[[ Entries supplied, beginning ]]

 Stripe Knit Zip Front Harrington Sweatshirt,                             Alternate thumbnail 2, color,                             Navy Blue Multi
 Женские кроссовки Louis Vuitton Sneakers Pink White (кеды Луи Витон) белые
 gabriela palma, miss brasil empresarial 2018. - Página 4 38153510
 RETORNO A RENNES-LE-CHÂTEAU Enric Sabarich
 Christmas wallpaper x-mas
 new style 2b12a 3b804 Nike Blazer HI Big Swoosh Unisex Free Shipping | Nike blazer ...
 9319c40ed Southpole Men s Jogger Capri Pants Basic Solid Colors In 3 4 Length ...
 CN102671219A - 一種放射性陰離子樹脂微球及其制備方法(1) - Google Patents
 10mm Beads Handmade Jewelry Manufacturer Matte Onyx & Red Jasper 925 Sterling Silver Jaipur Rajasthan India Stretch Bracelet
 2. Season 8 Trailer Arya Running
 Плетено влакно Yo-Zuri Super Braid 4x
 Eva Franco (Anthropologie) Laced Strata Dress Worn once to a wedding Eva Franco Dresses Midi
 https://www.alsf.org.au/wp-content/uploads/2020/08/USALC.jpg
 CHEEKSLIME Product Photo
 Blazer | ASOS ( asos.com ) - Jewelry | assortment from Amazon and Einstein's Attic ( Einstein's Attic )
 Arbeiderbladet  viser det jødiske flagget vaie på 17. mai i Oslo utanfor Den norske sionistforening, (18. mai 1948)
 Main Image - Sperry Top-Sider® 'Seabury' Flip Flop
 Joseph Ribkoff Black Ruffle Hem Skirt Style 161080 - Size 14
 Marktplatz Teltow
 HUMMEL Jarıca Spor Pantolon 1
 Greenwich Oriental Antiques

[[ Entries supplied, end ]]

### Work instructions
The answer must be every line from the entries above that holds the string "Blazer".

### Solution to this task
 new style 2b12a 3b804 Nike Blazer HI Big Swoosh Unisex Free Shipping | Nike blazer ...
 Blazer | ASOS ( asos.com ) - Jewelry | assortment from Amazon and Einstein's Attic ( Einstein's Attic )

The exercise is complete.